In the thread of posts on X, Google’s DeepMind account starts things off with a character walking through an eerily lit tunnel.

Some light choir music can be heard over the top of dramatic percussion as the character’s footsteps can be heard as they move through the scene.

The second, audio generated with “Wolf howling at the moon” as the prompt, ties in nicely with the animation, and even offers a chorus of howls in the distance.

The harmonica example sounds a little too “uncanny valley” in the way its pitch shifts, but the backing underneath is solid, while the jellyfish one sounds like, well, jellyfish. Notably, that has some extra prompts, though, including “marine life” and “ocean”.

The video with the prompt “A drummer on a stage at a concert surrounded by flashing lights and a cheering crowd” is a little off, though. For one, the beats don’t quite match the rhythm in the video once it gets going, while the sticks appear to be focused on the snare and maybe a floor tom, while the audio sounds a tad more complex with some other drums involved.

Still, it’s an impressive start to a project that’s only likely to grow with time.

Limitations of the DeepMind model

Like many projects from Google this hasn't been released yet, its just a research preview. Google says there are limitations and safety issues to address first.

For example: "Since the quality of the audio output is dependent on the quality of the video input, artefacts or distortions in the video, which are outside the model’s training distribution, can lead to a noticeable drop in audio quality."

They are also working on lip synching for videos with speech as, while it currently attempts to do this it isn't always accurate and creates an uncanny valley effect.

ElevenLabs is working on a similar project

Not to be outdone, ElevenLabs this week revealed its new Text to Sound Effects API that can generate audio effects based on what you upload to it.

Unlike Google's V2A model, the API from ElevenLabs is already accessible and from experiments works surprisingly well.

In the example above, a video of a bottle smashing gets a few different options to choose from, while the DiCaprio laughing meme gets a additional audio from other people in the room.

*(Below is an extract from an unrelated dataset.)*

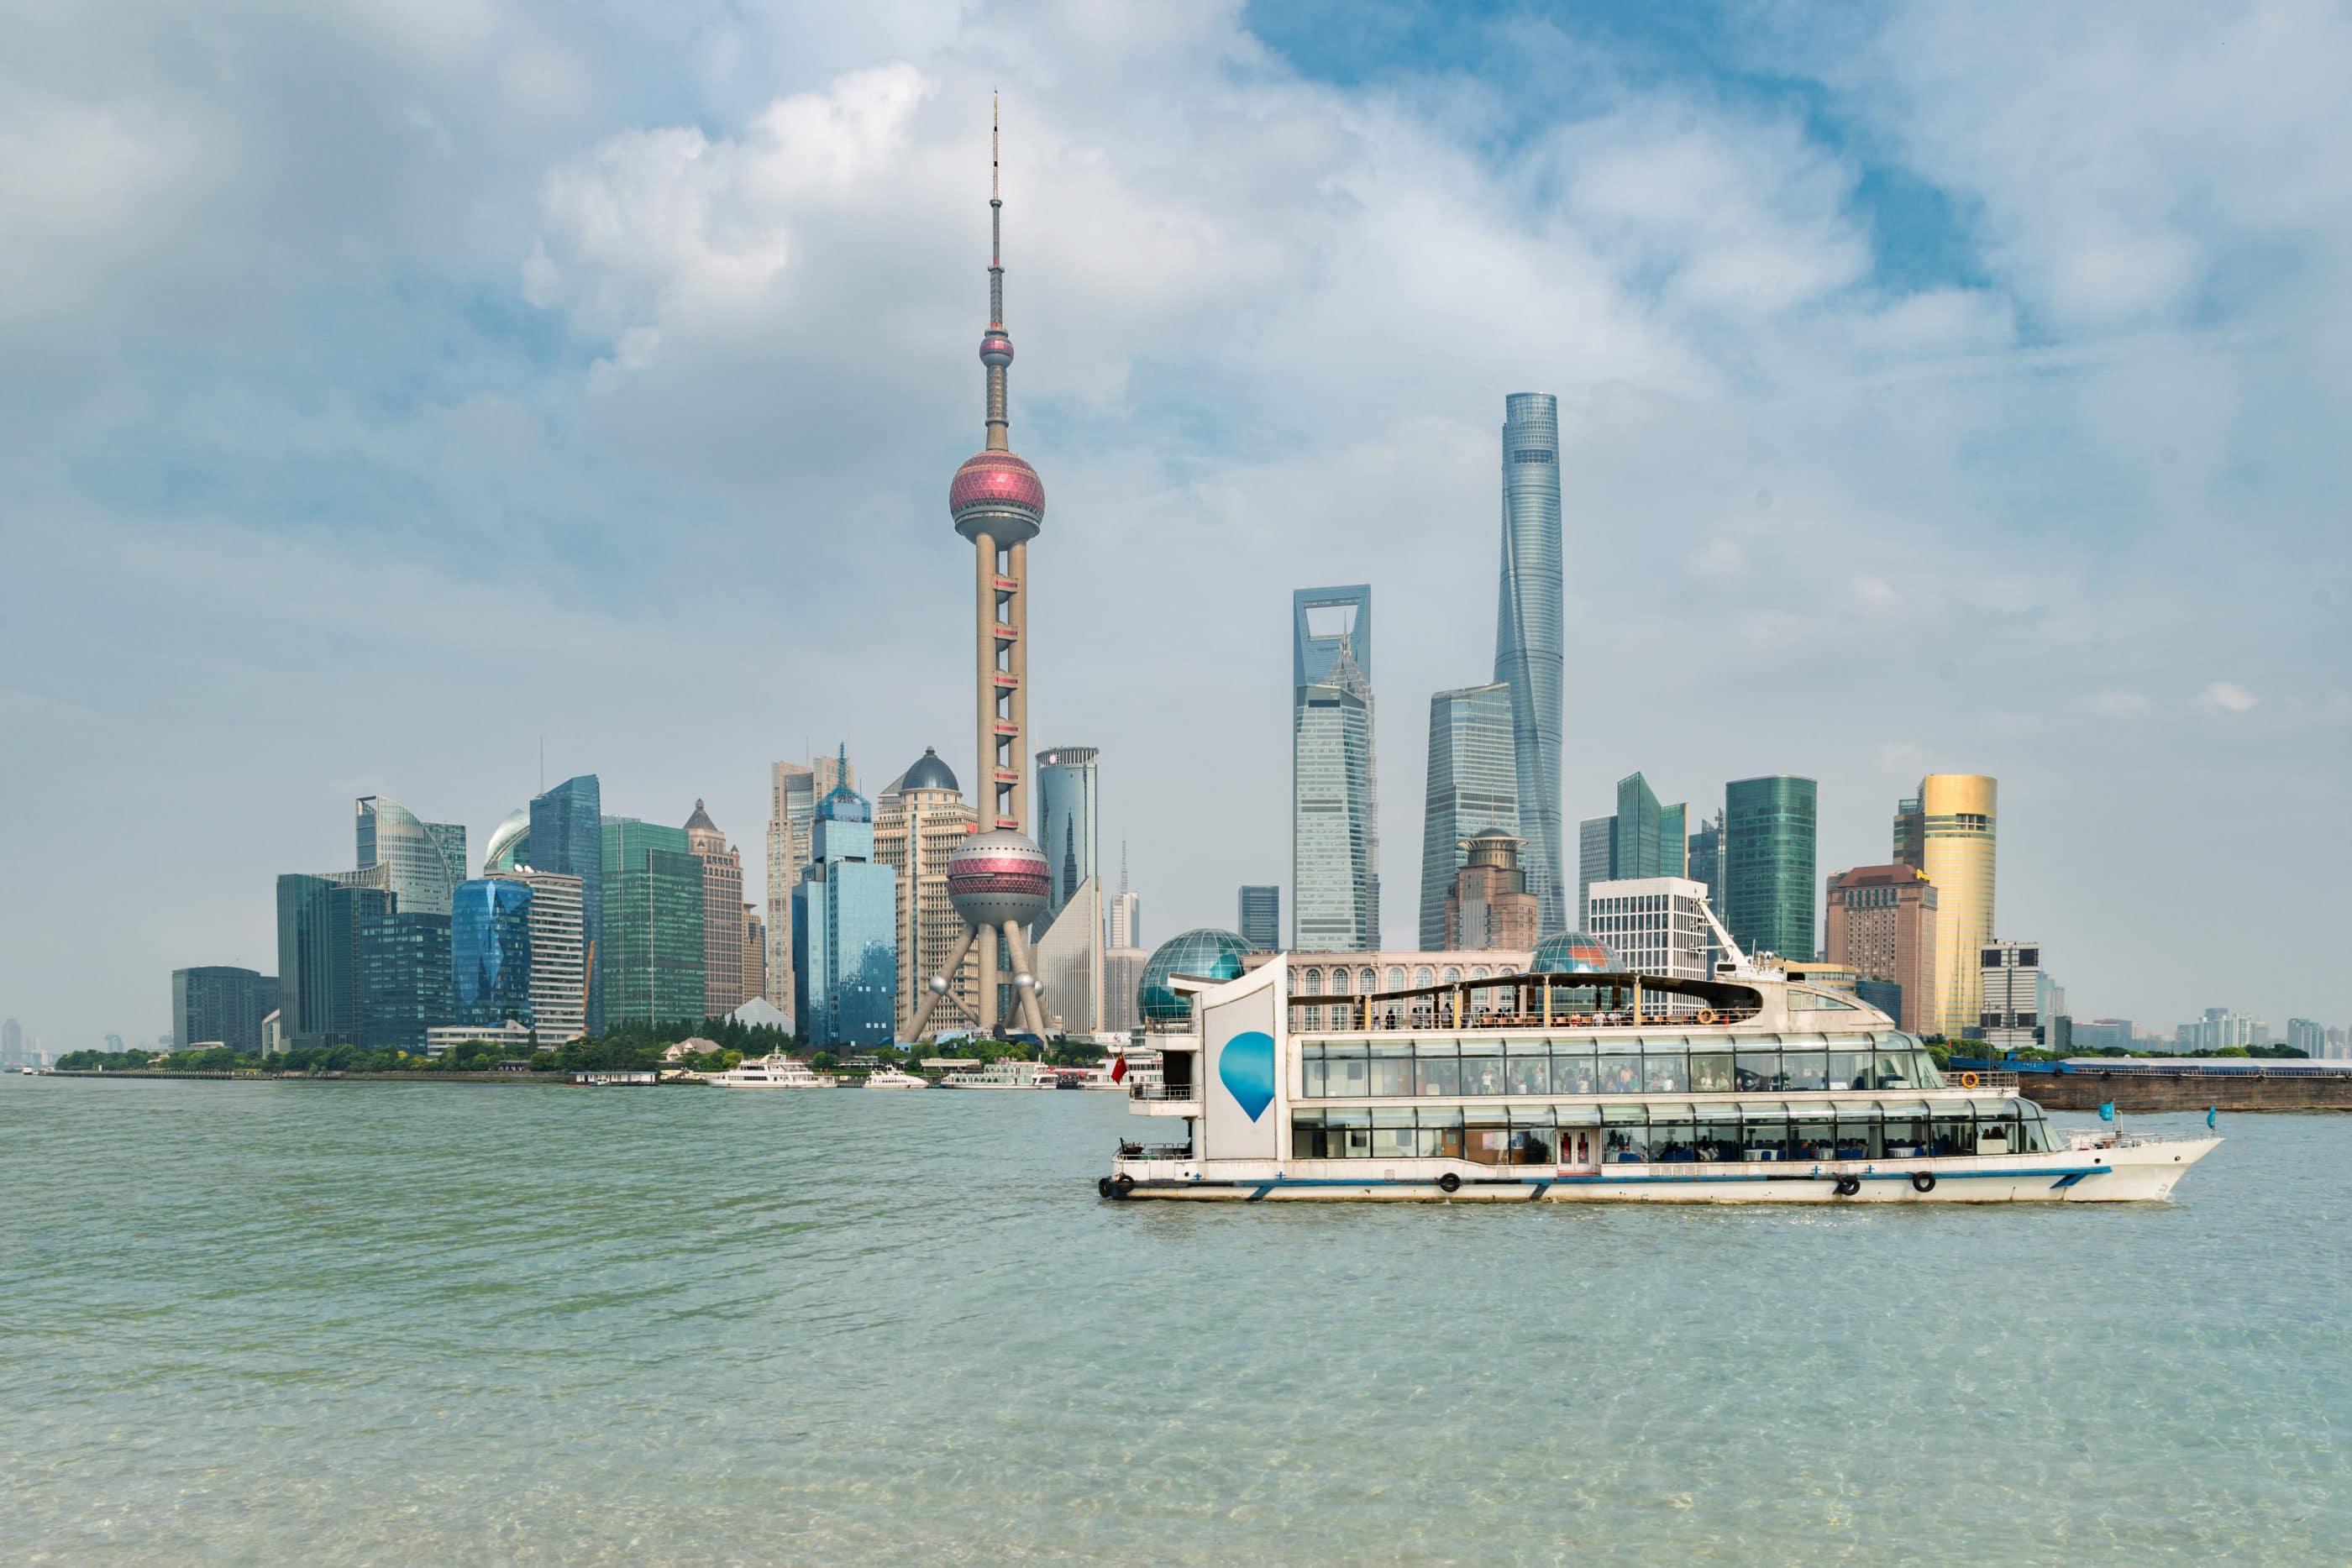 Things to do in Shanghai: Huangpu River Cruise

The company 'bootstrapped' a quick app to demonstrate what is possible with the API, allowing you to upload a video and have it add the sound. This is free to use and open source, and you can try it right now.

ElevenLabs told Tom's Guide the real aim is to have other companies and developers build things with the API themselves, such as integrating into generative video.

Google DeepMind creates AI model that can add sound to silent videos

Google's new audio generation is off to a solid start

Limitations of the DeepMind model

ElevenLabs is working on a similar project

More from Tom's Guide

Latest stories

The internet has a lot of thoughts of Kylie Jenner’s sheer veil

Katy Perry Went Topless in Nothing But Ripped Tights and an Open Jacket at PFW

Simon Cowell floored by heavy metal 10-year-old on “America's Got Talent”: 'You turned into this rock goddess'

Catherine Zeta-Jones, 54, Shows Off Her Curves in a Sexy Cutout One-Piece: ‘Caught Me Posing!’

Jason Kelce and Travis Kelce Reveal Royal "Warning" They Got Before Meeting Prince William

Suri Cruise ditches famous last name at graduation ceremony which Tom appeared to miss for the Eras Tour

I Am: Celine Dion viewers 'broken' and 'sobbing' after harrowing scenes

Katy Perry Takes on Paris in Red-Hot Minidress with Mega Train Featuring Lyrics from Her New Single

Longlegs: the horror movie people are calling ‘the best serial killer film in recent memory’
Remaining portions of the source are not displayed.